The Pain & Policy Studies Group (PPSG) / World Health Organization Collaborating Center on Pain Policy in Palliative Care is excited to announce its collaboration on a pilot program with the African Palliative Care Association (APCA) to train in-country champions to improve patient access to pain medicines. To build on its well-established International Pain Policy Fellowship (IPPF) program, funding has been received from the National Cancer Institute (National Institutes of Health) to develop an African Pain Policy Fellowship (APPF).
Since 2006, the IPPF has improved opioid availability throughout many low- and middle-income countries. The program has trained and mentored 27 fellows from 21countries. These fellows have been instrumental in effecting change in local and national laws and policies, clinician education, public awareness, advocacy and patient care.

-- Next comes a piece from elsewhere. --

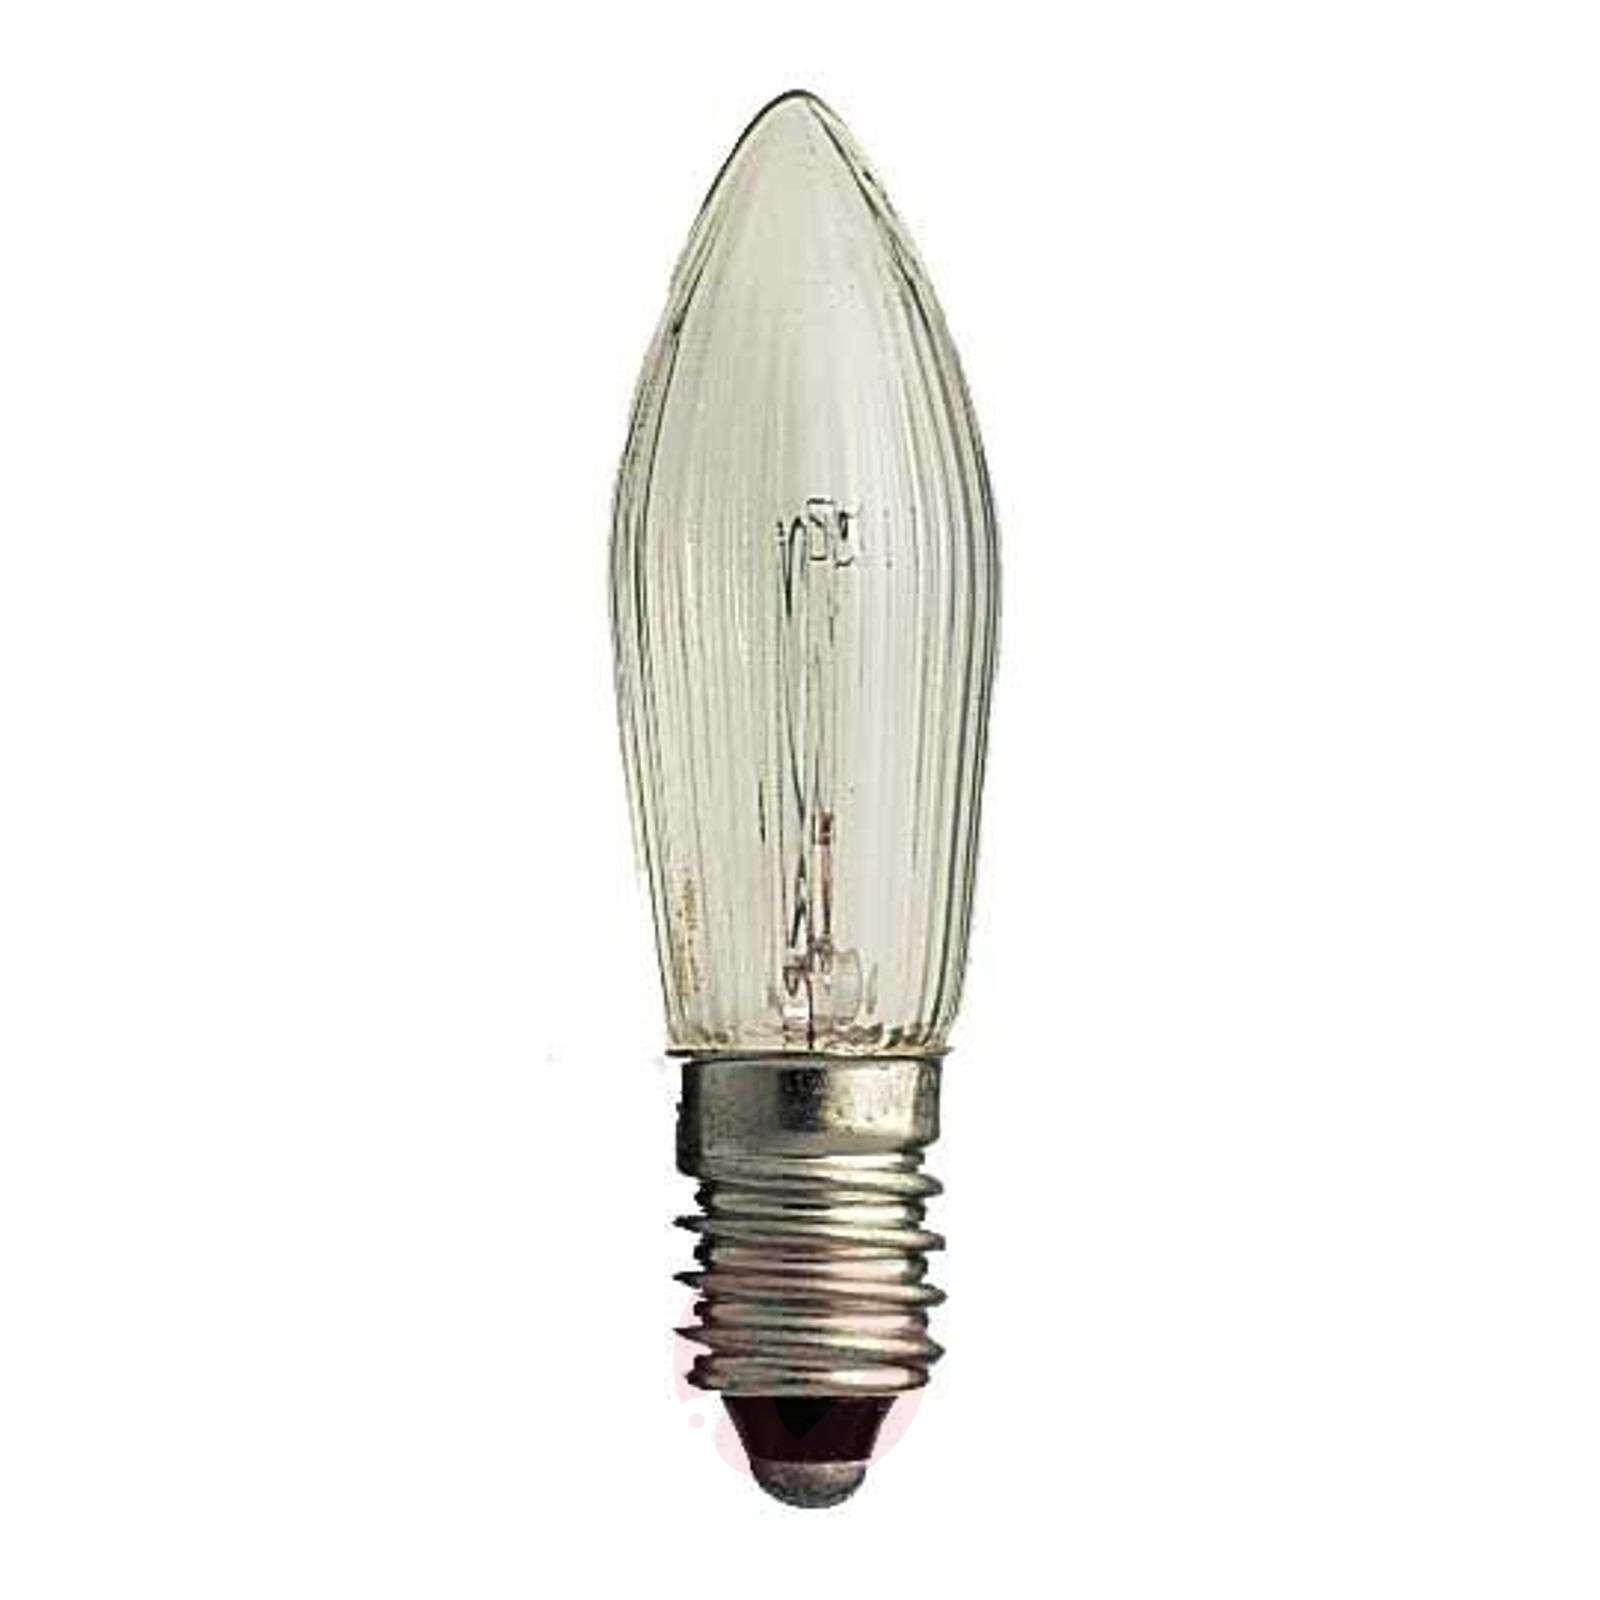 E10 3W 55V bulb, pack of 3, candle shape_1522321_1

This in-country approach will draw on local knowledge about traditions, beliefs, cultures and political situations and how they might affect the availability of needed medications and palliative care. Five individuals have been awarded a 1-year fellowship to receive the training and skills to make positive change in their country’s opioid availability. Training will occur through an initial in-person workshop in Africa and by utilizing distance learning. Fellows will develop action plans to improve opioid availability that they will implement during the one year period and will receive guidance and technical assistance from the PPSG, APCA, and other selected international experts.
This 2014 African class involves five Fellows from five countries. Those selected are:
- ETHIOPIA - Abraham Endeshaw Mengistu, MPH, MD
- GHANA - Mawuli Gyakobo, BSc, MB, ChB, MSc, PhD, FWACP-Fam. Med, Post Doc. Global Health & Palliative Medicine
- RWANDA - Christian Ntizimira, MD
- SUDAN - Nahla Gafer, MD
- ZAMBIA - Lewis Banda, MBChB (UNZA), MMED (UNZA)(internal medicine), FCRADONC (SA)(fellow college of radiation oncology)
We look forward to this collaboration with APCA and are grateful to the National Cancer Institute Center for Global Health for this supplemental grant to the University of Wisconsin Carbone Cancer Center as part of its Pilot Collaborations with LMICs in Global Cancer Research or Health Research at NCI-Designated Cancer Centers.